WORK TO COMPLETE:
Your answer should repeat exactly the lines from the one holding "LA PERLA - TOPS - T-shirts" through the end of the data, and it should contain no pictures.

INFORMATION SHOWN:
BEGIN

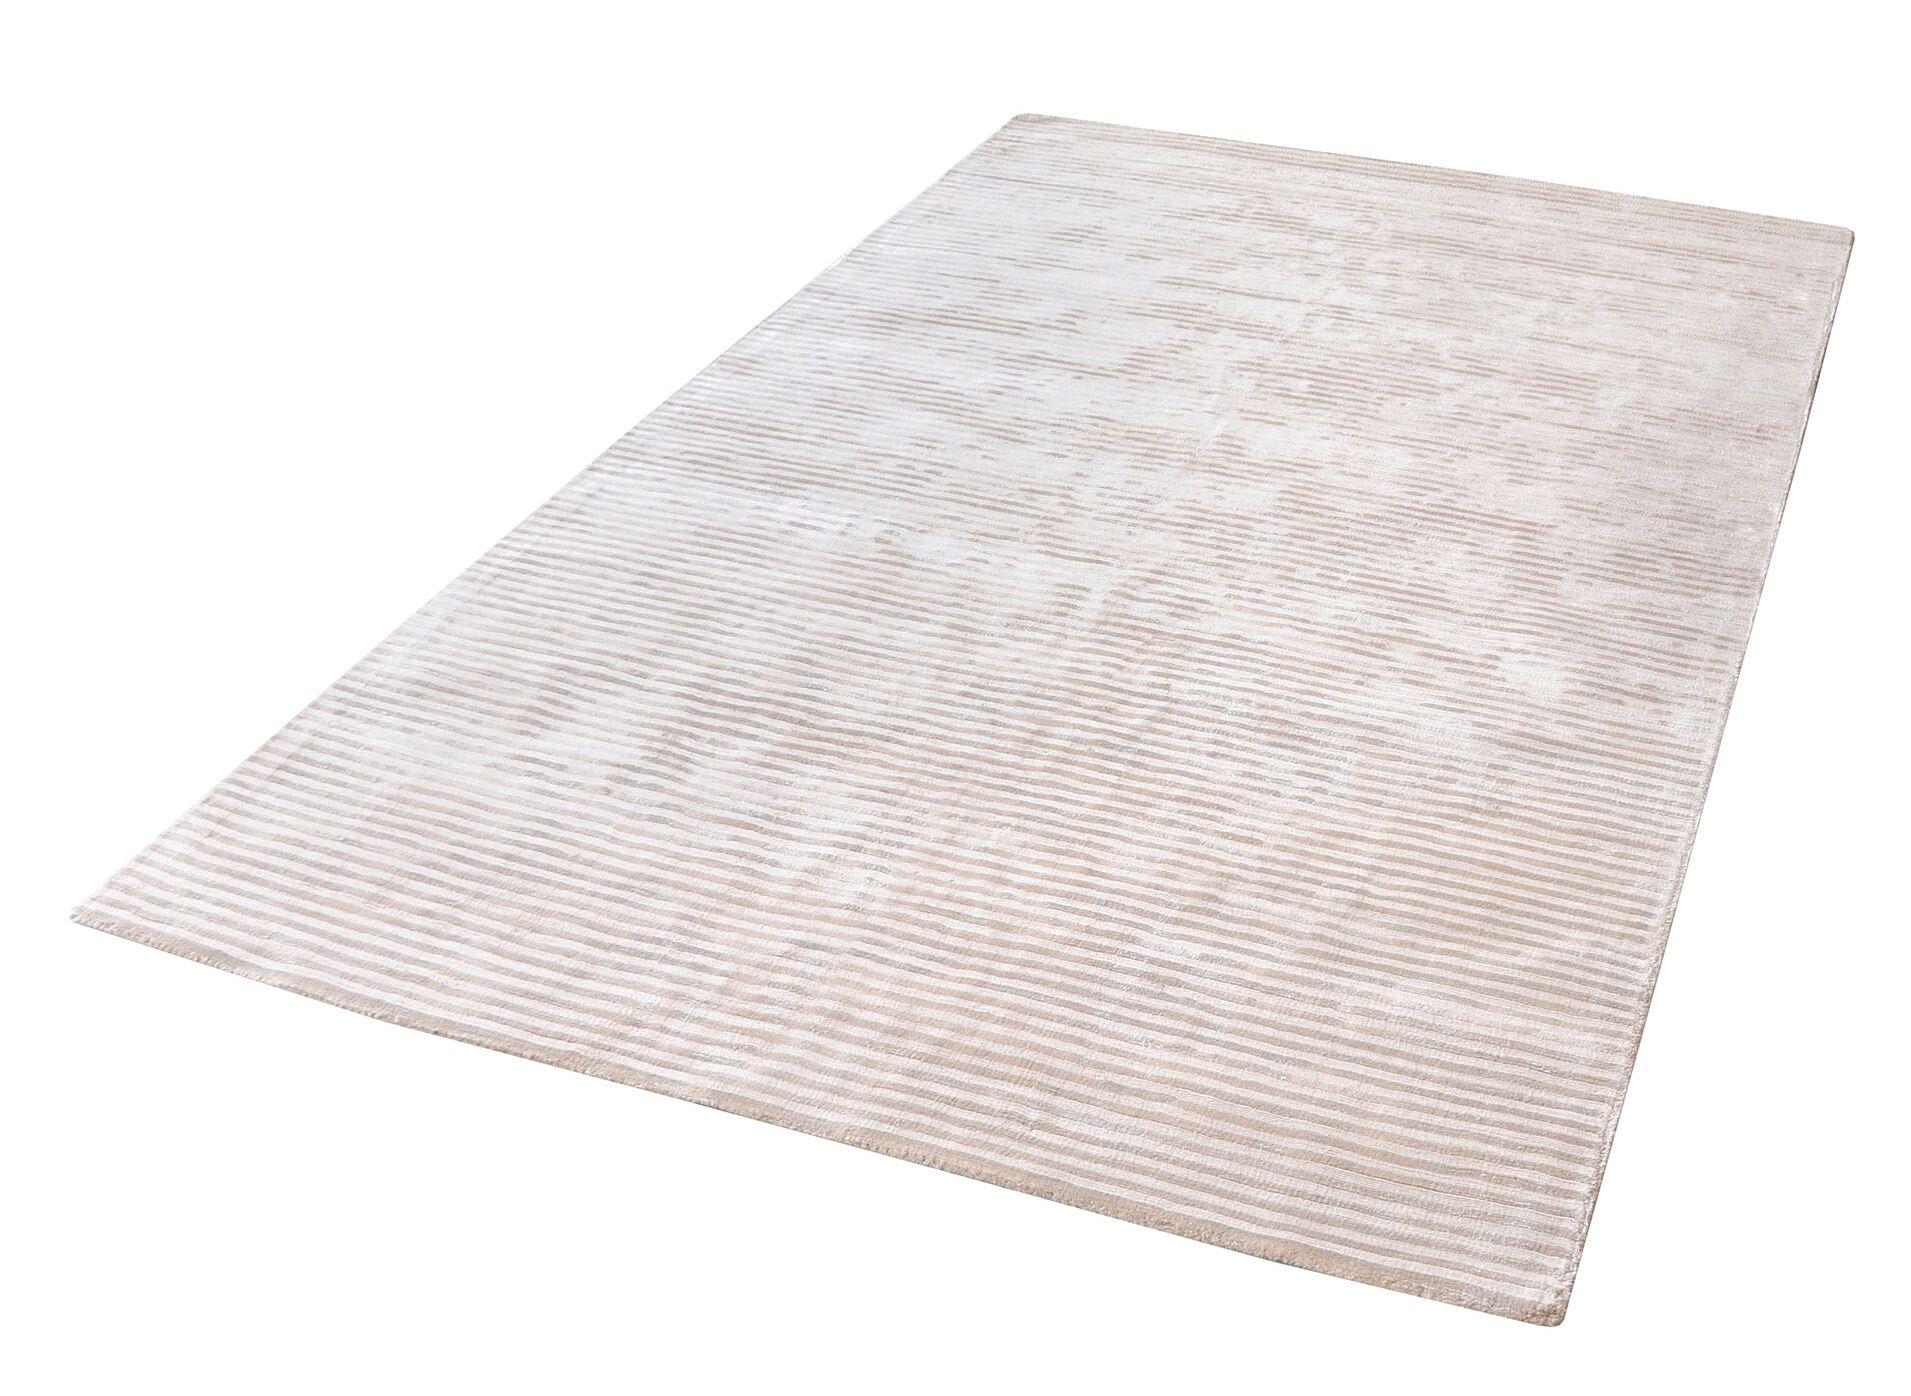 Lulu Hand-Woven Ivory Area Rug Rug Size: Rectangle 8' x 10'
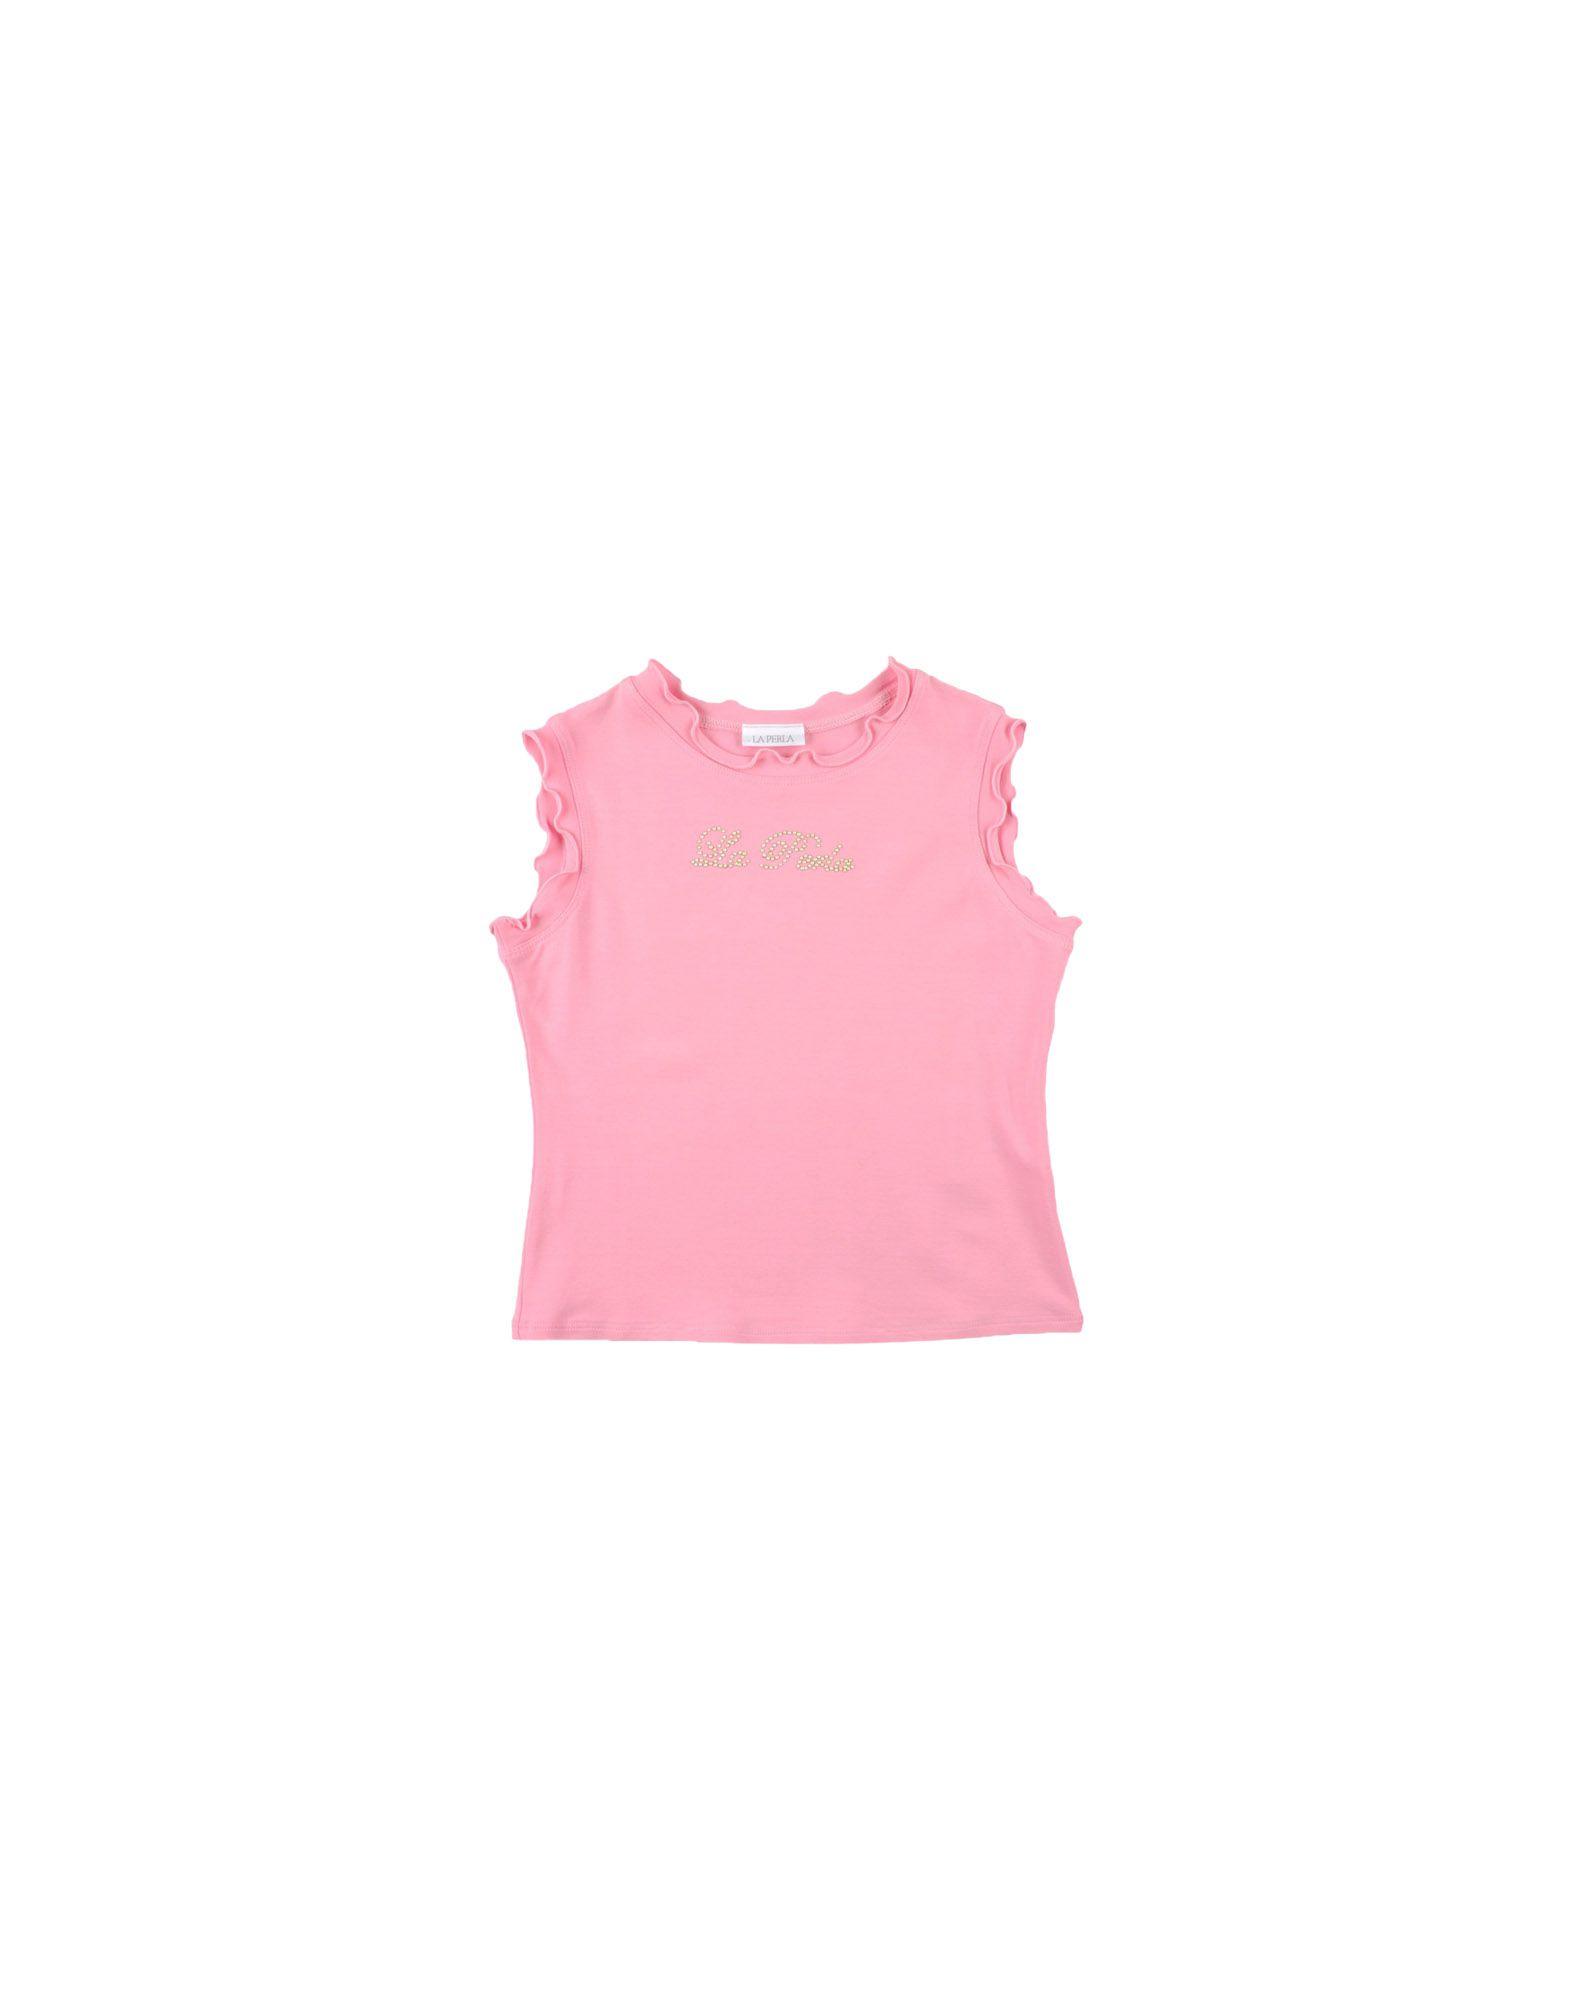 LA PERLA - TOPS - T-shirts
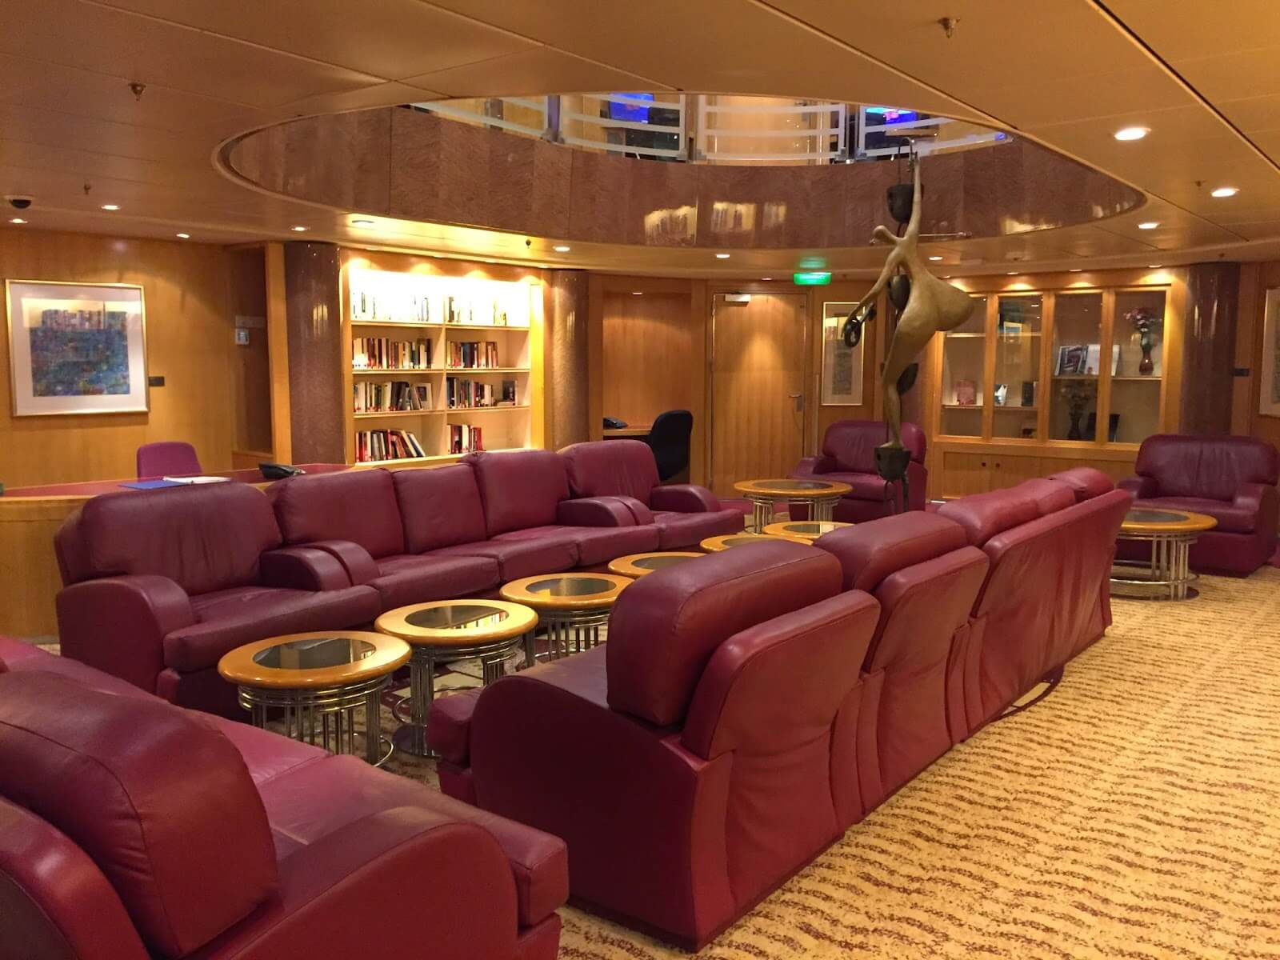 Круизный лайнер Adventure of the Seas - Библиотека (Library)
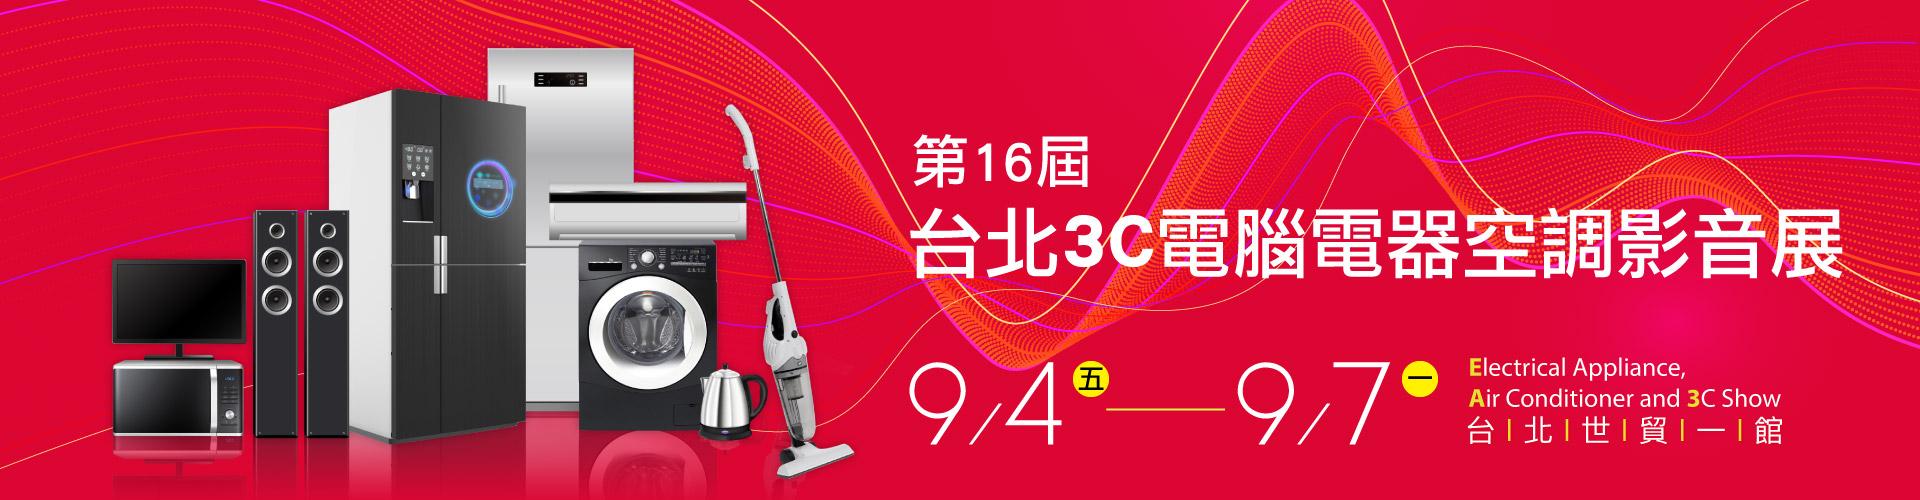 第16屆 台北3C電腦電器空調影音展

END

SOLUTION FOR THIS EXERCISE:
 LA PERLA - TOPS - T-shirts
 Круизный лайнер Adventure of the Seas - Библиотека (Library)
 第16屆 台北3C電腦電器空調影音展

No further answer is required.